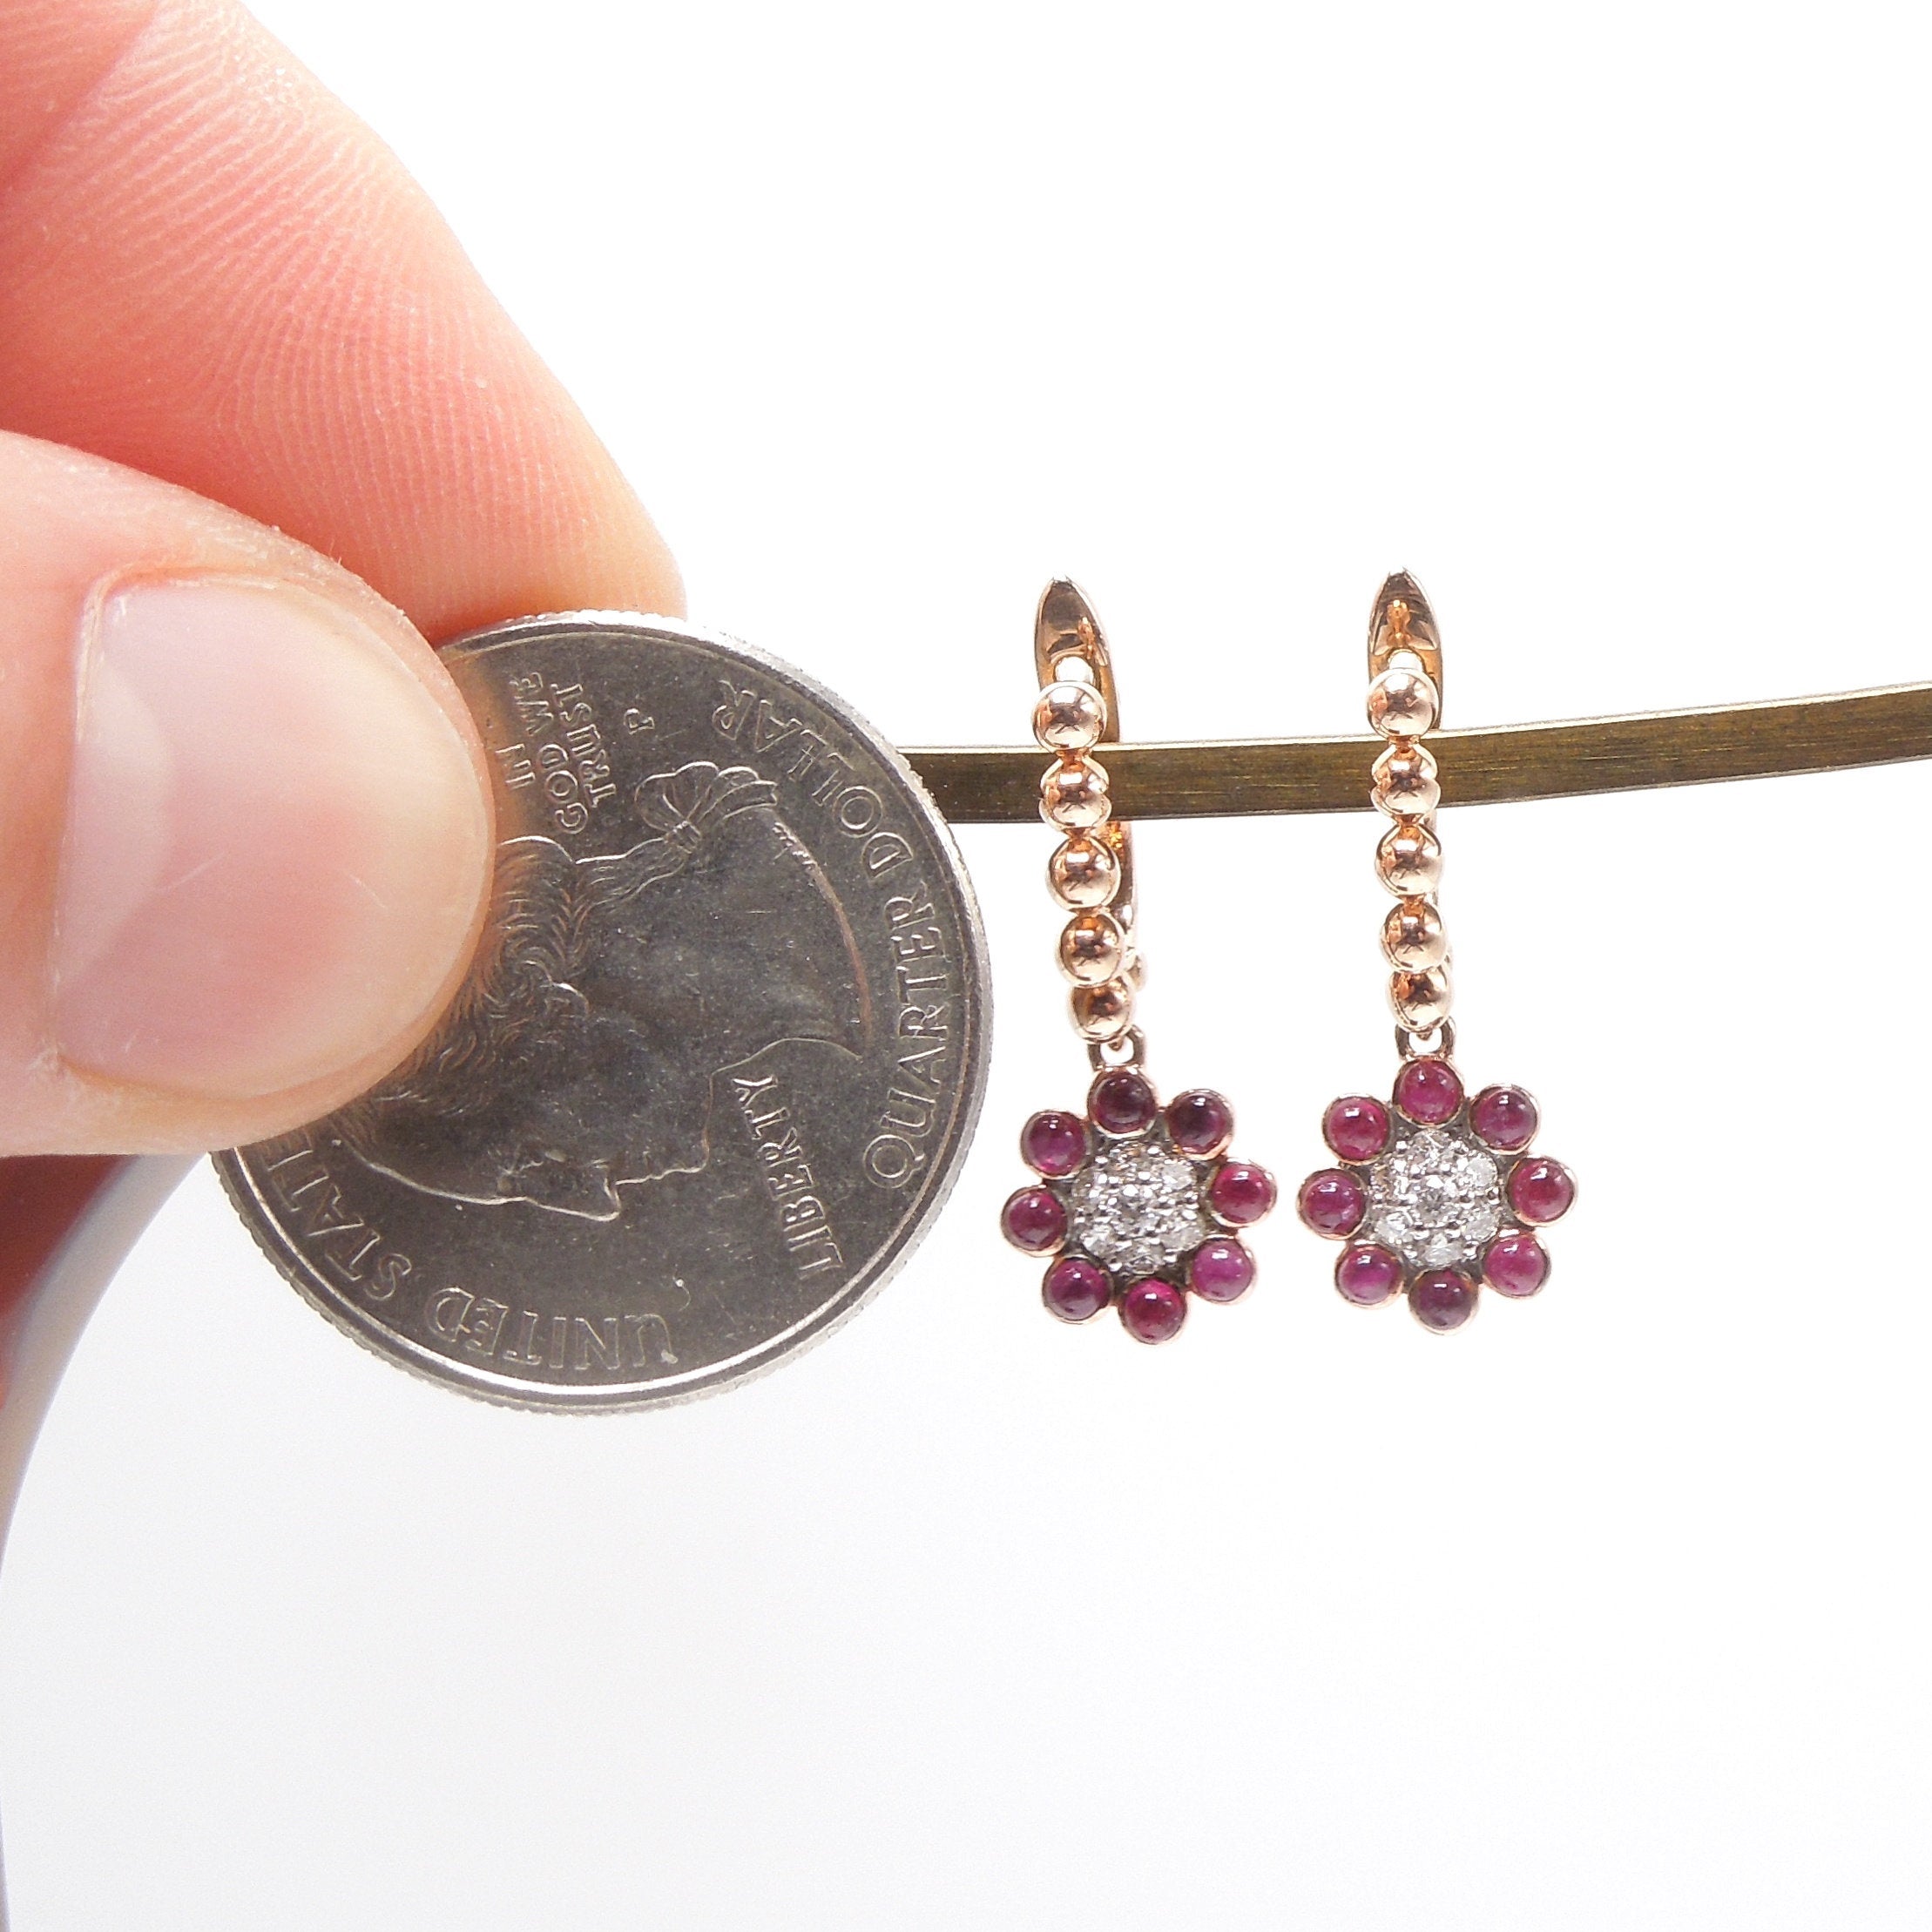 14K Rose Gold Diamond and Cabochon Ruby Flower Drop Earrings
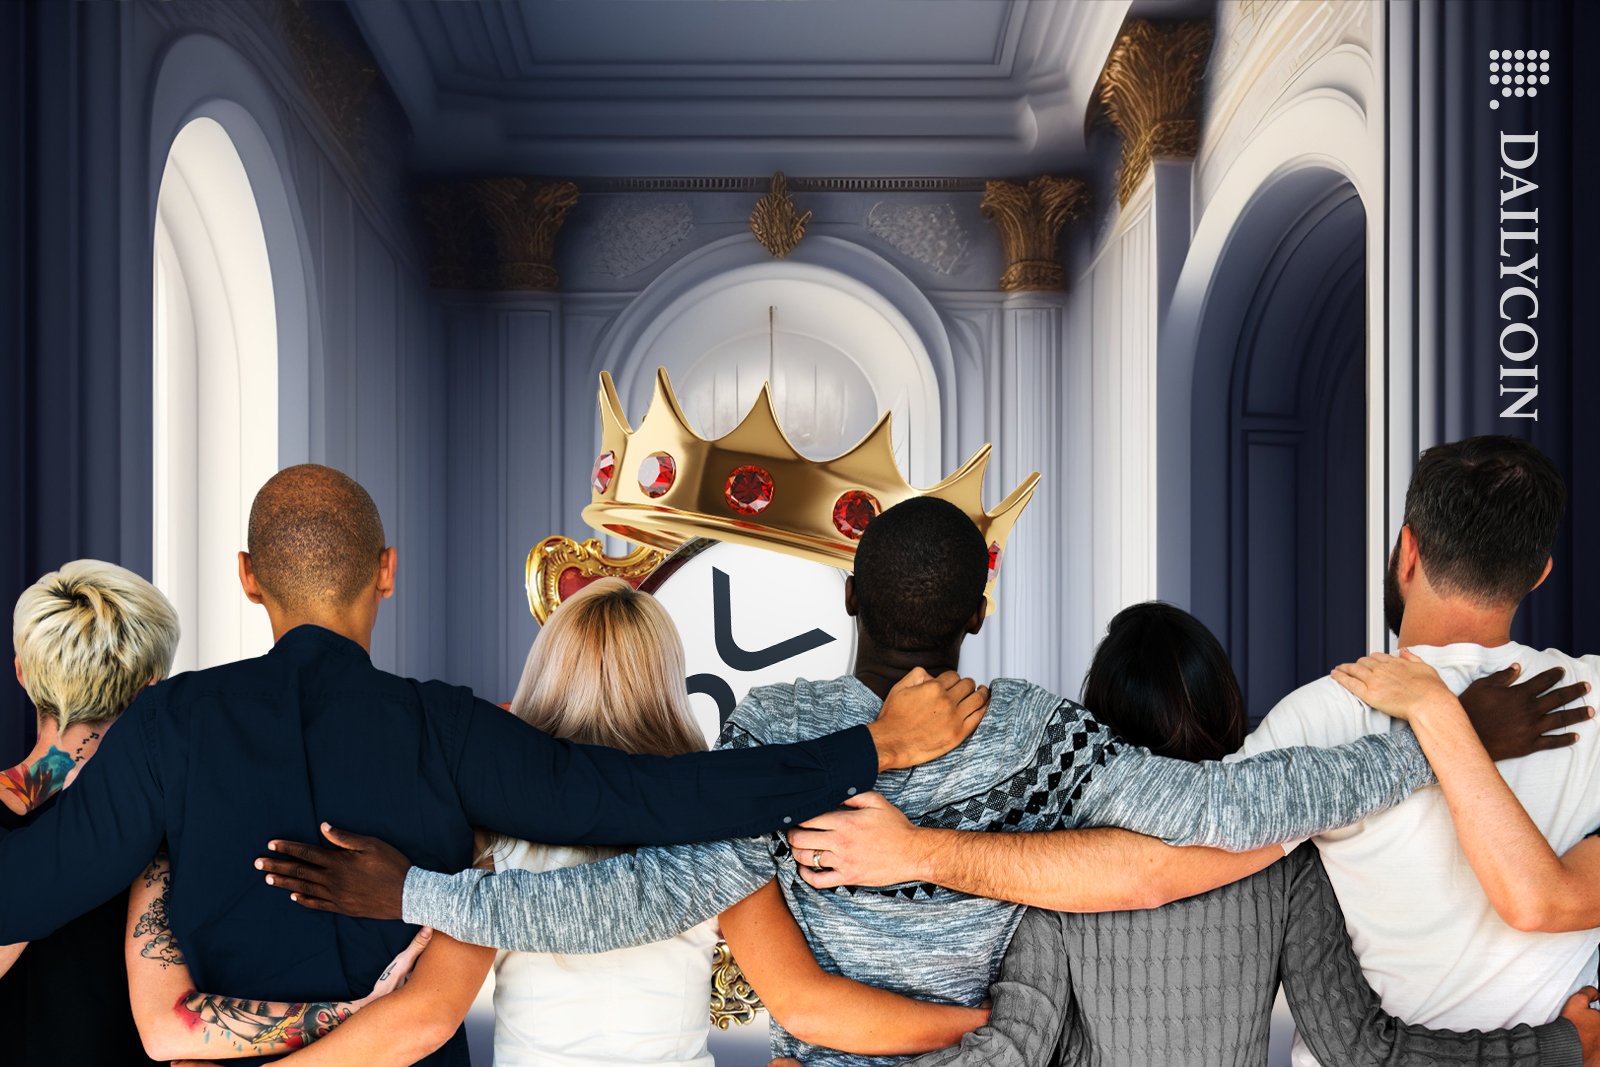 XRP coin is crowned sitting on the throne while a community of people joined together looking at it.
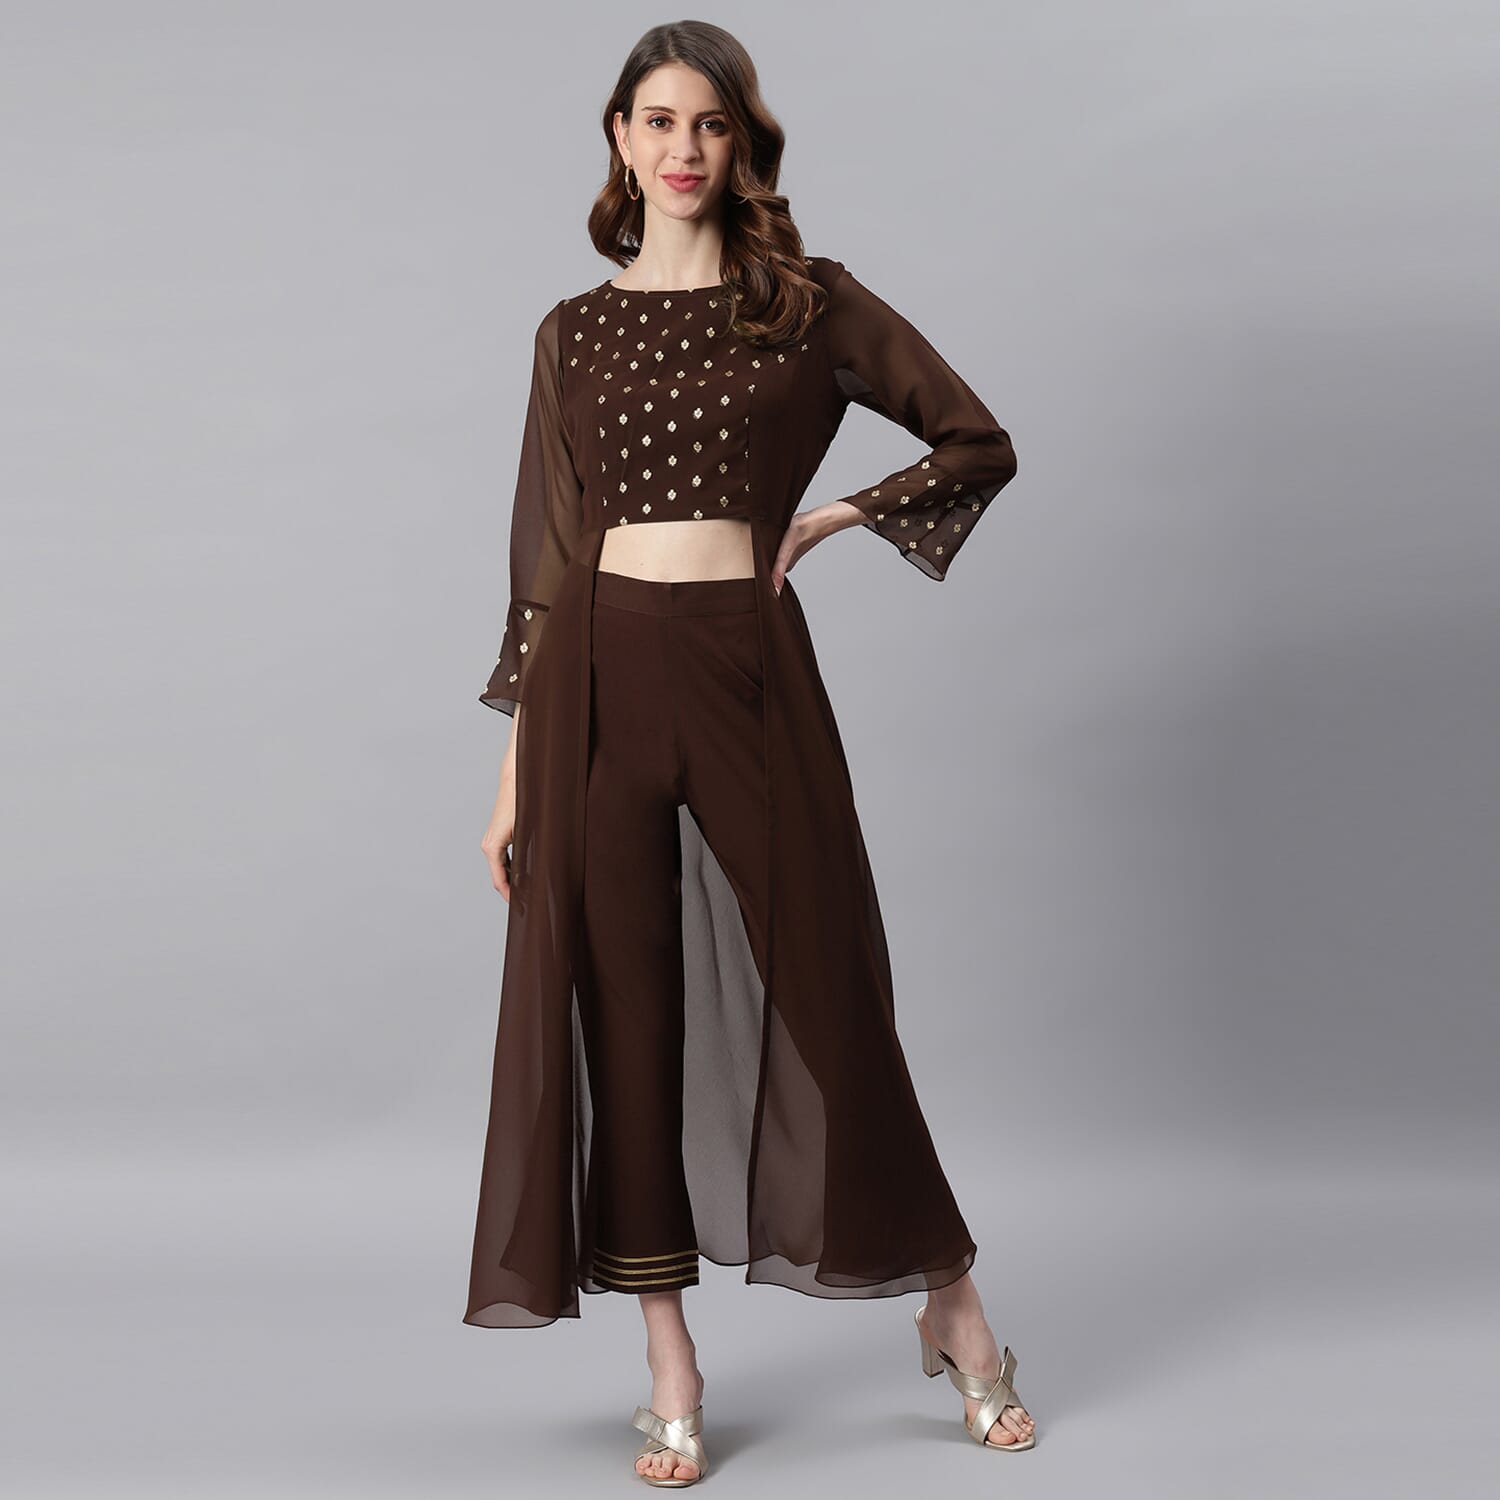 Janasya Indian Round Neck 3/4 Sleeve Ethnic Motifs Brown Georgette Top With Pant For Women - image 3 of 8

▶ _What you will do_:
Wherever a picture appears in the material above, skip it and copy the rest without change.

▶ _Result of the task_:
 14K Rose Gold Diamond and Cabochon Ruby Flower Drop Earrings
 XRP coin is crowned sitting on the throne while a community of people joined together looking at it.
 Janasya Indian Round Neck 3/4 Sleeve Ethnic Motifs Brown Georgette Top With Pant For Women - image 3 of 8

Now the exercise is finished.